> **PROBLEM STATEMENT**: Every line below from the one with "4/21-23 Lake Road, Port" through the one with "Dinner at Gordon Ramsay's Steak in Las Vegas" should be retyped exactly, both ends included; no other lines and no pictures.

EXTRACTED DATA Start Marker

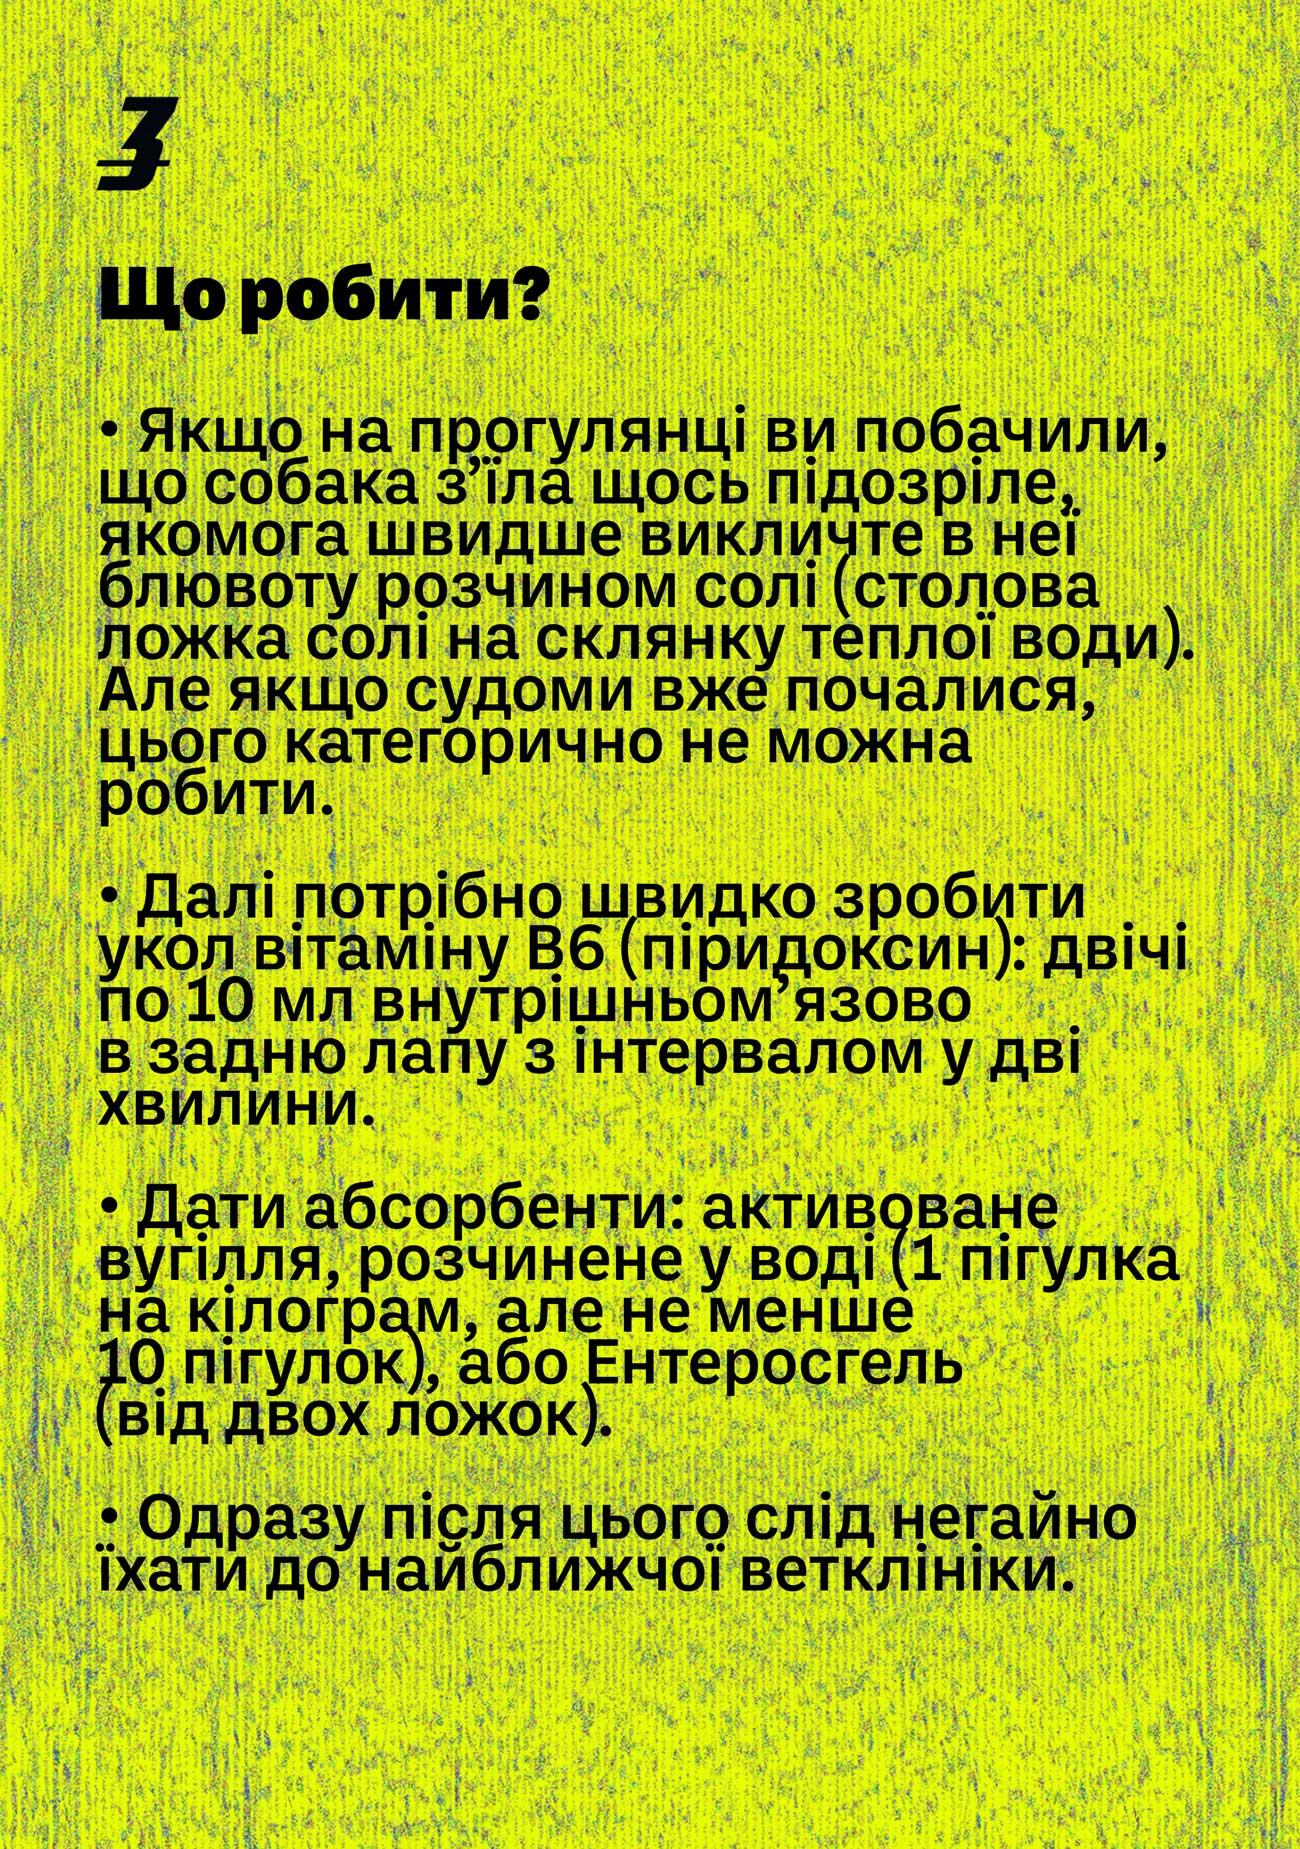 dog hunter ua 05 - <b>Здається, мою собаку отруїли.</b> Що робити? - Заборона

EXTRACTED DATA End Marker
EXTRACTED DATA Start Marker

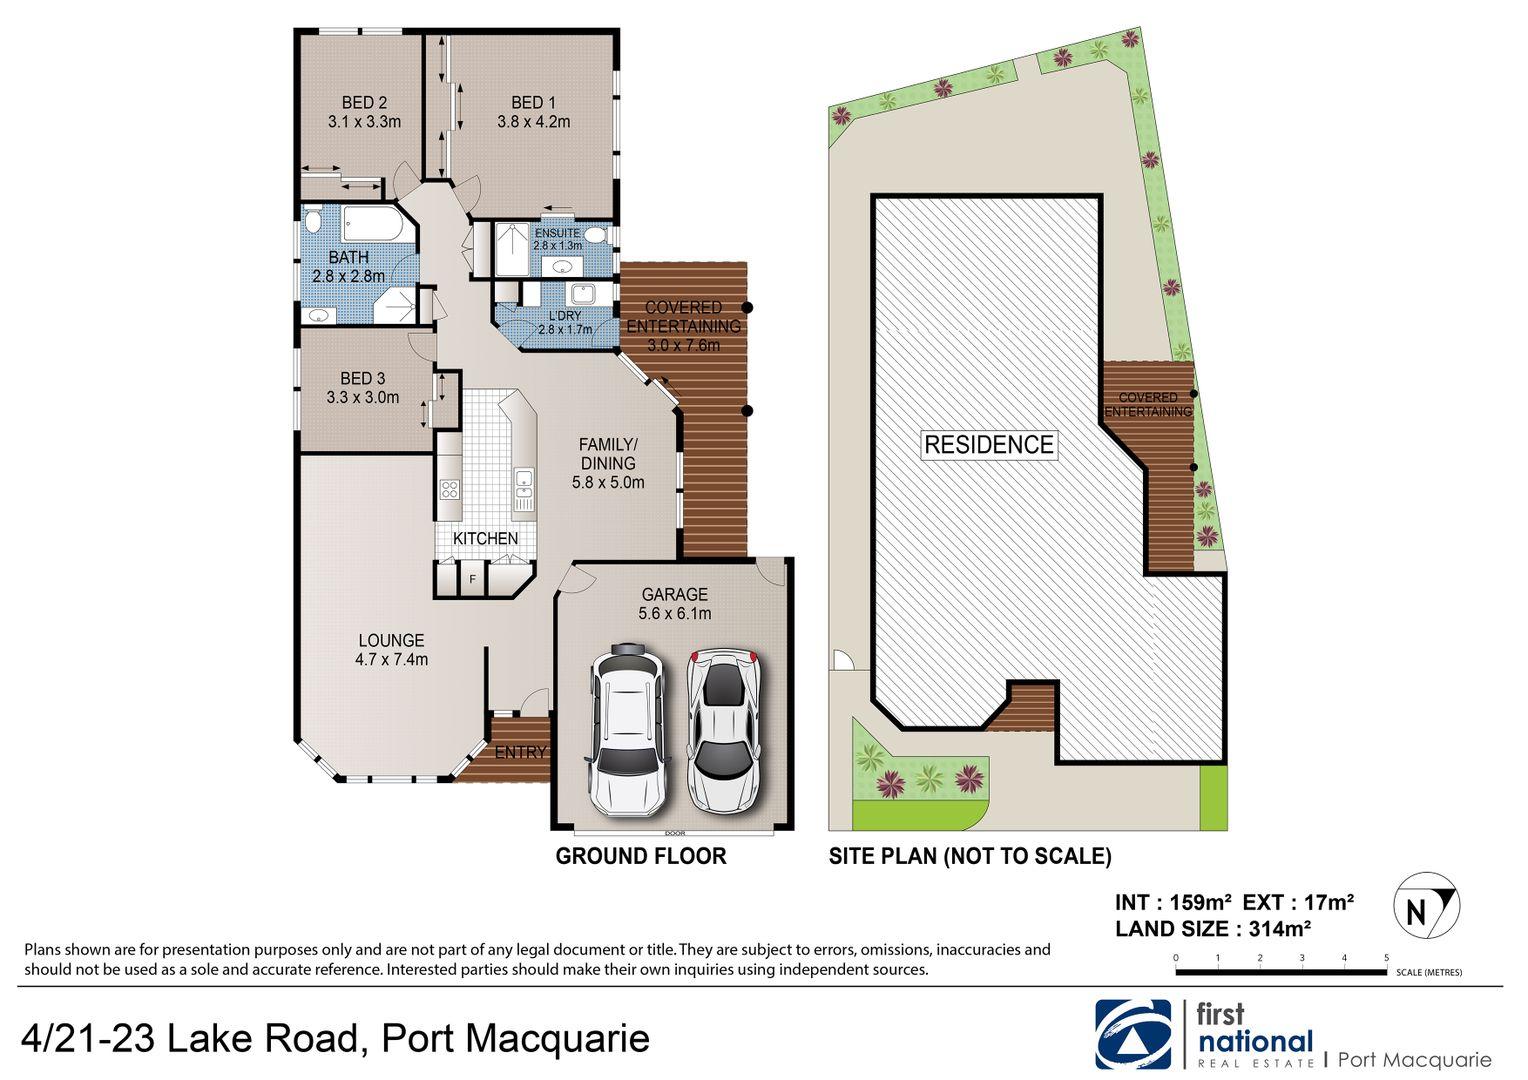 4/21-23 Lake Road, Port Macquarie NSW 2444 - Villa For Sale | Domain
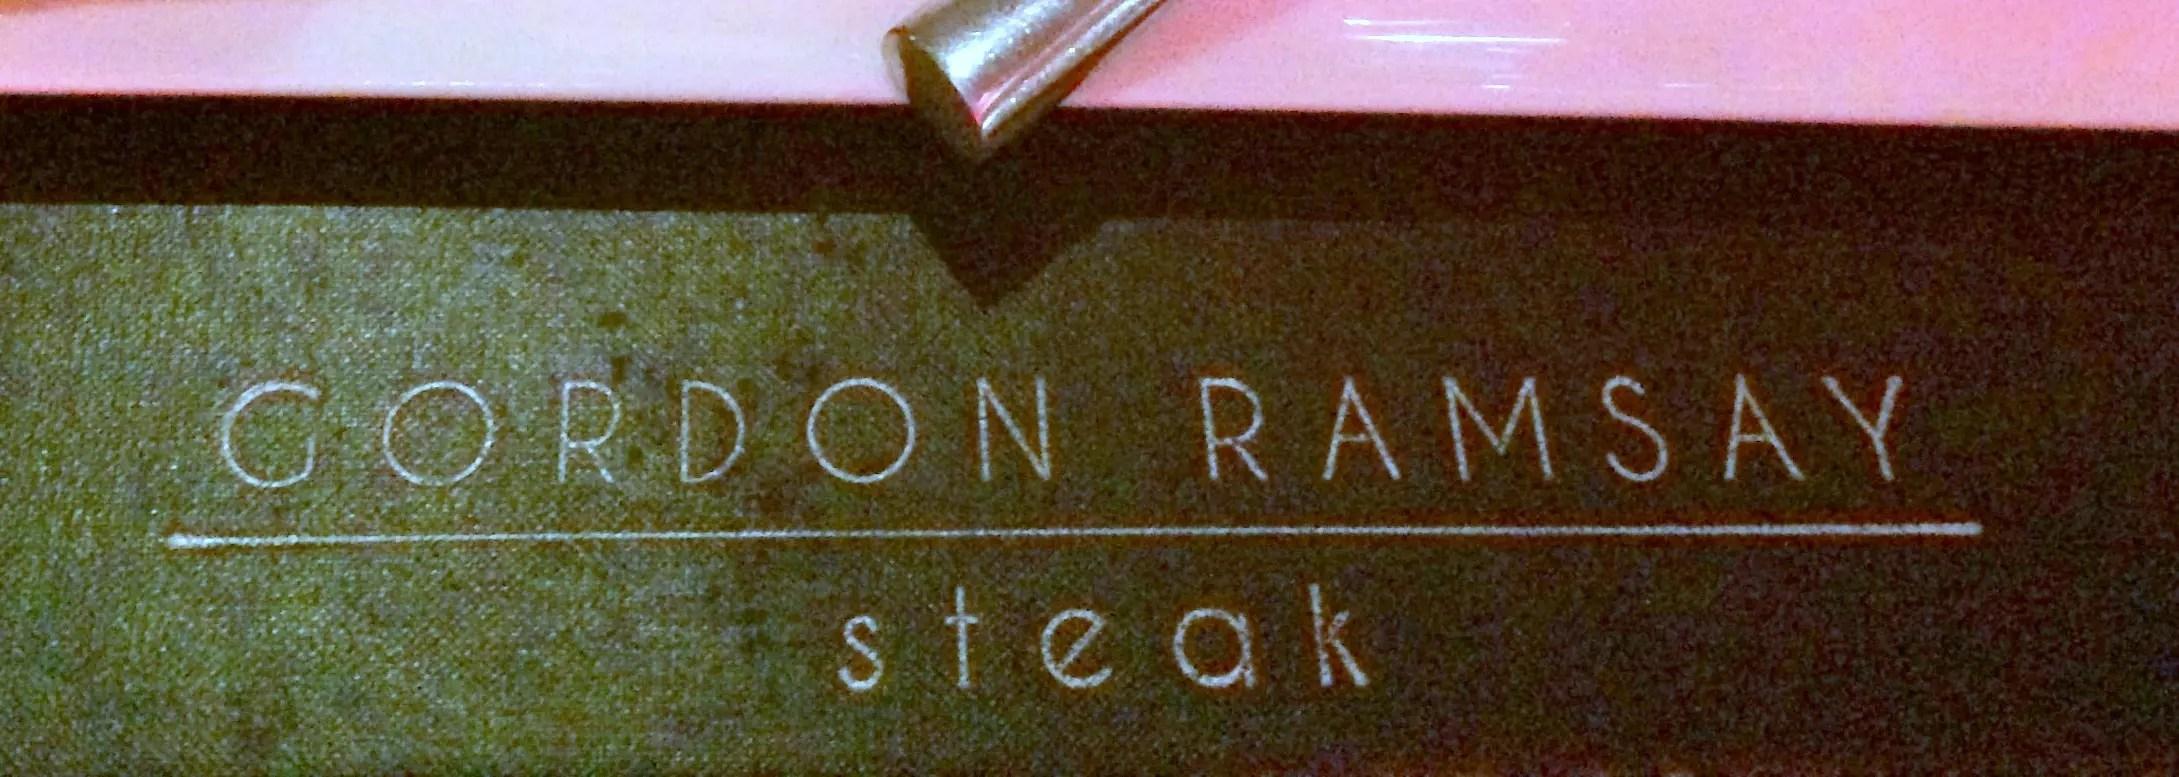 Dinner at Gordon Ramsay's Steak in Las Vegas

EXTRACTED DATA End Marker

> **RESULT**:
 4/21-23 Lake Road, Port Macquarie NSW 2444 - Villa For Sale | Domain
 Dinner at Gordon Ramsay's Steak in Las Vegas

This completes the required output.